▶ [ASSIGNMENT] The response should be an exact transcription of the data below, free of images.

▶ [DATASET SECTION]
******************************

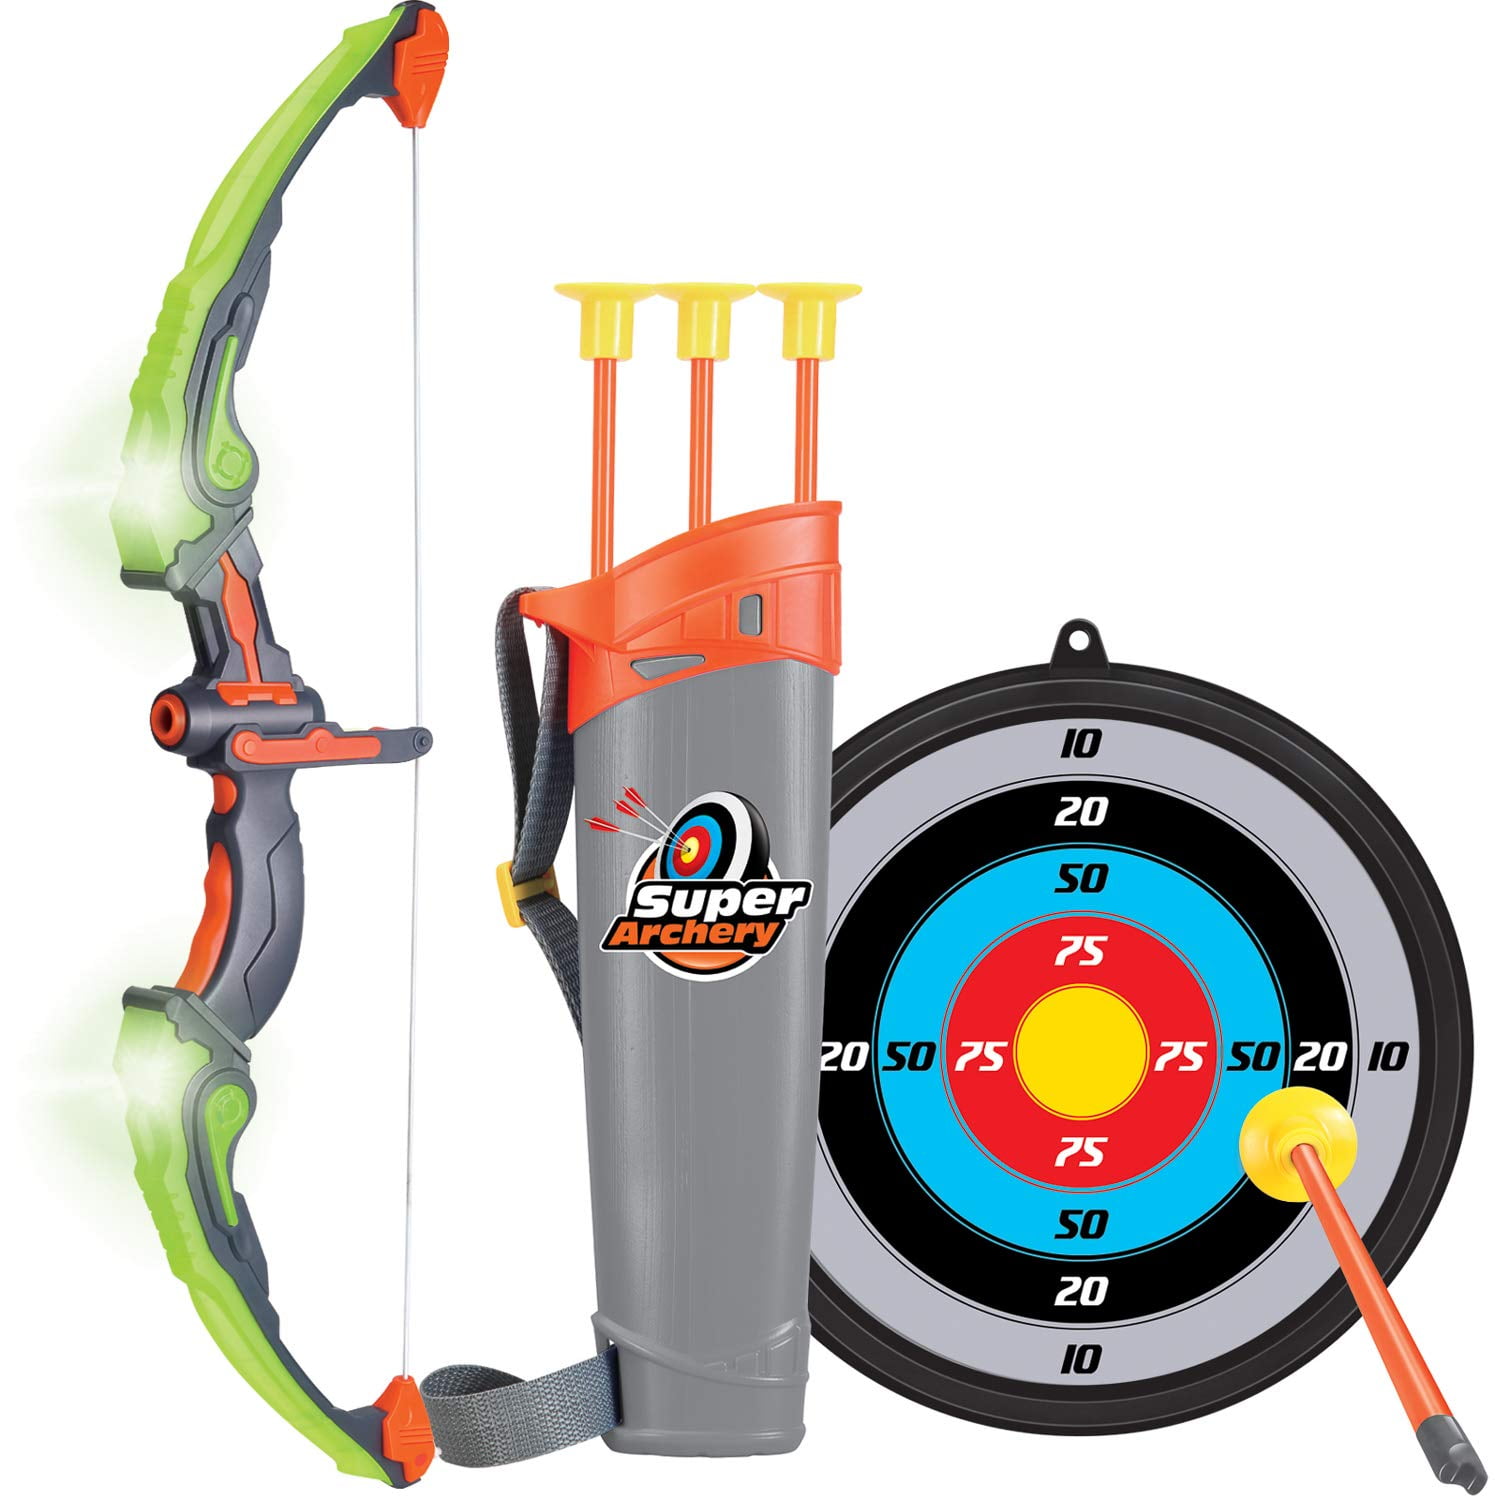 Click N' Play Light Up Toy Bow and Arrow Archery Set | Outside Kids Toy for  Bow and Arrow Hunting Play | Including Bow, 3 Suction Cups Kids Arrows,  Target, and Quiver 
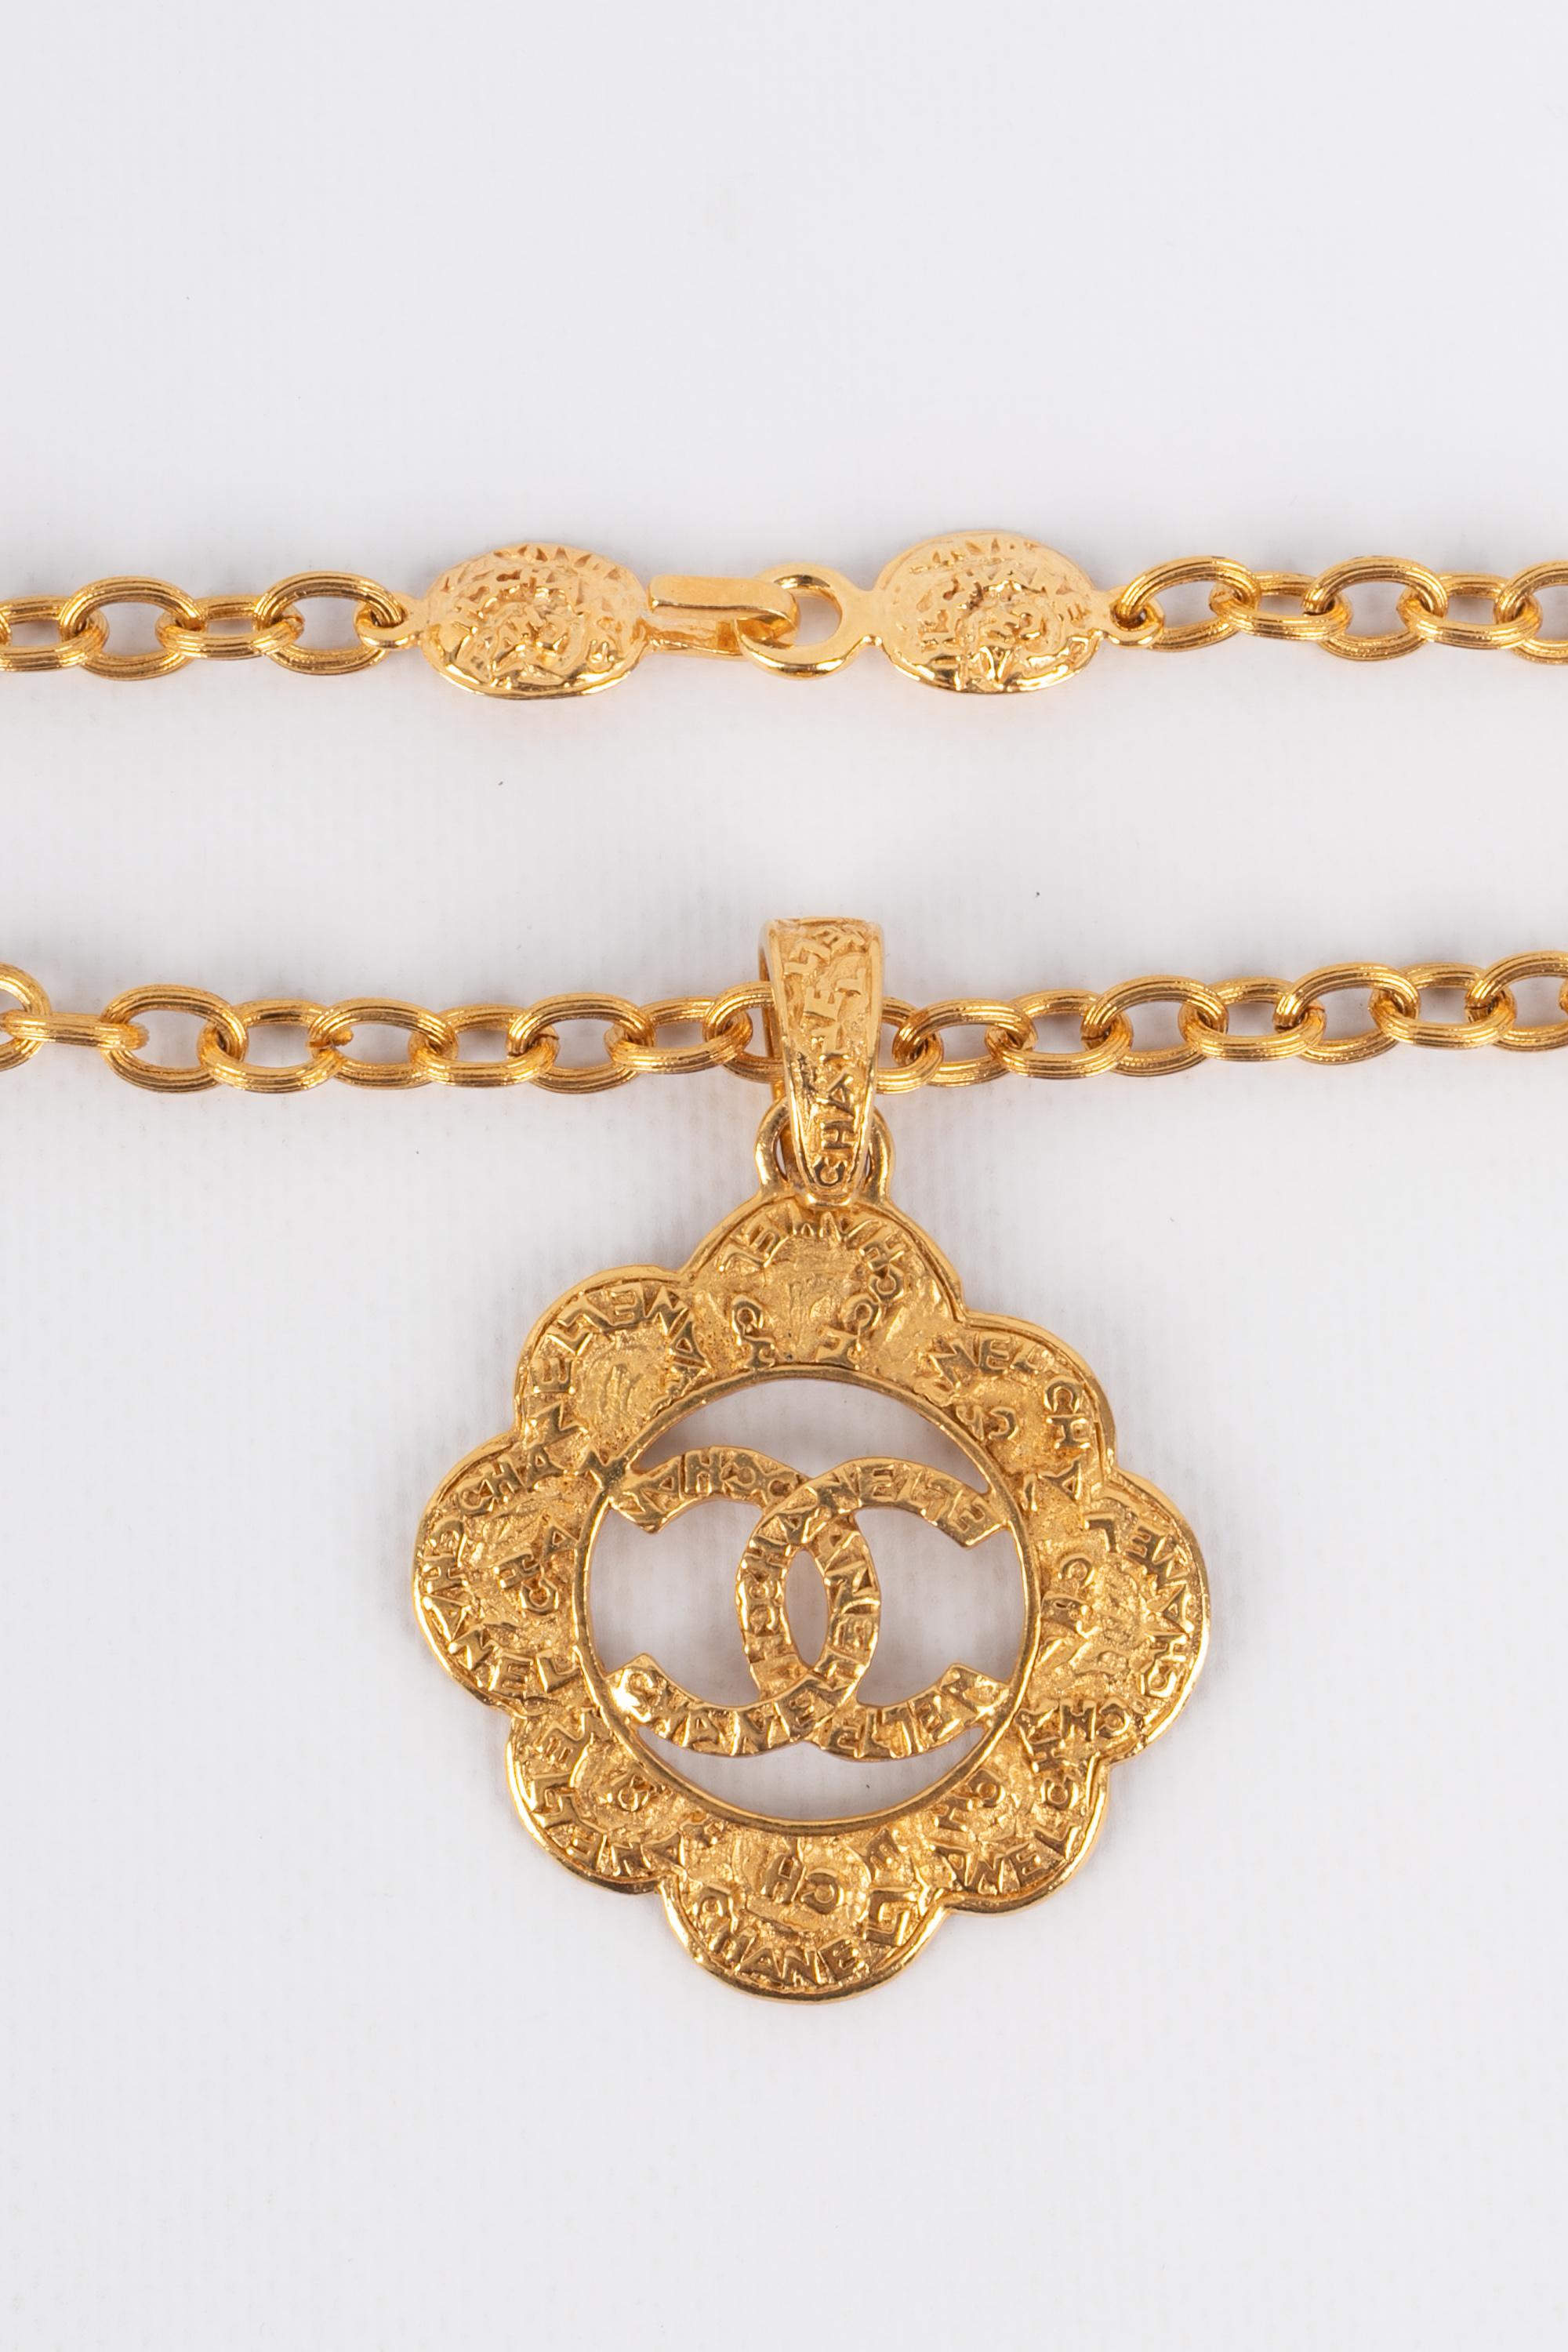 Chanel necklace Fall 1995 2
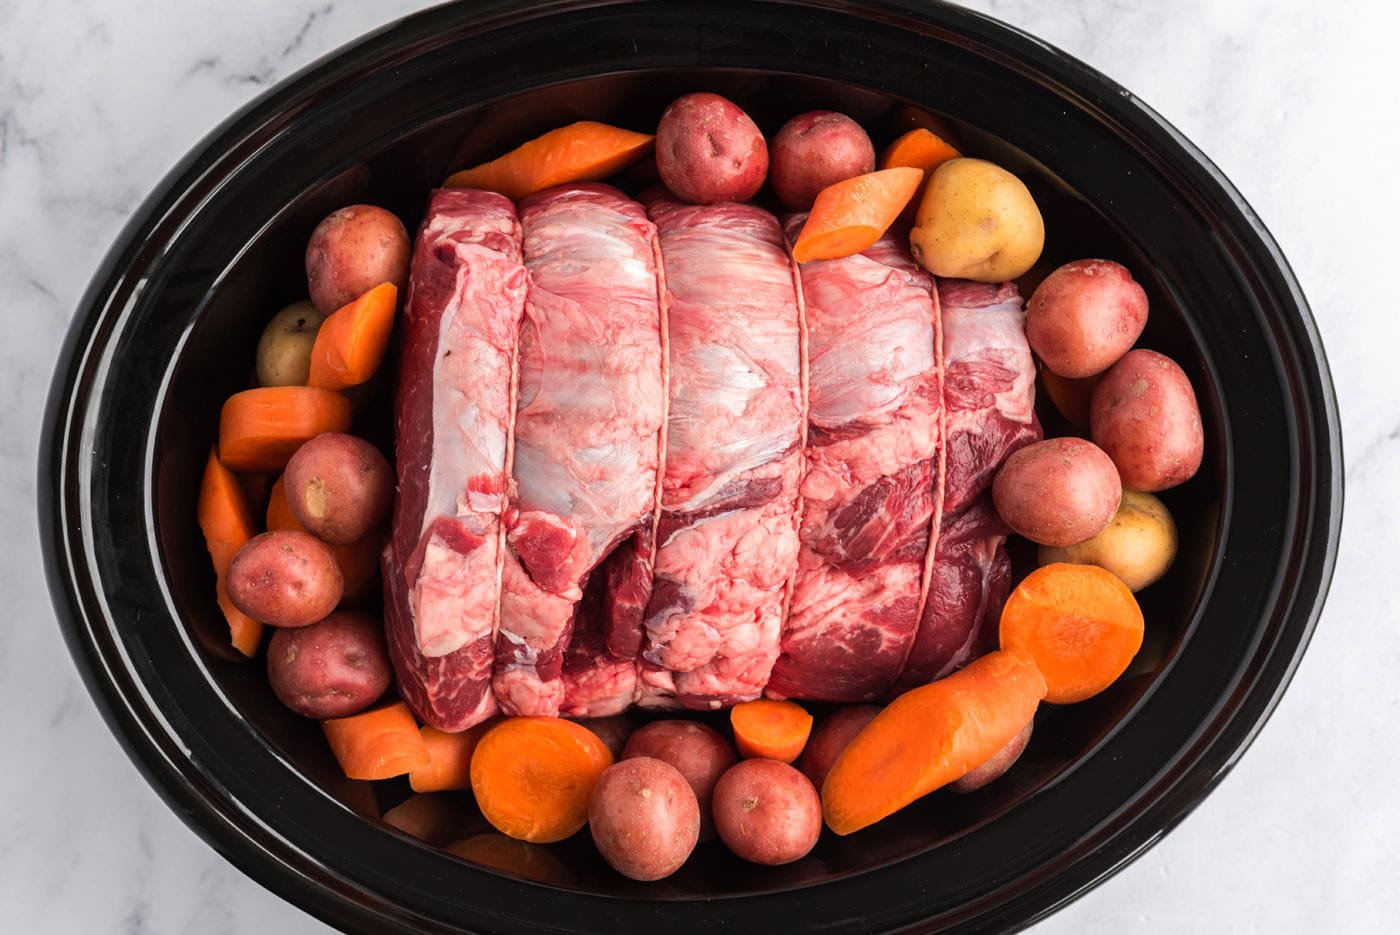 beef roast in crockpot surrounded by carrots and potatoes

******************************

▶ [RESULT OF THE EXERCISE]
 Click N' Play Light Up Toy Bow and Arrow Archery Set | Outside Kids Toy for  Bow and Arrow Hunting Play | Including Bow, 3 Suction Cups Kids Arrows,  Target, and Quiver 
 Chanel necklace Fall 1995 2
 beef roast in crockpot surrounded by carrots and potatoes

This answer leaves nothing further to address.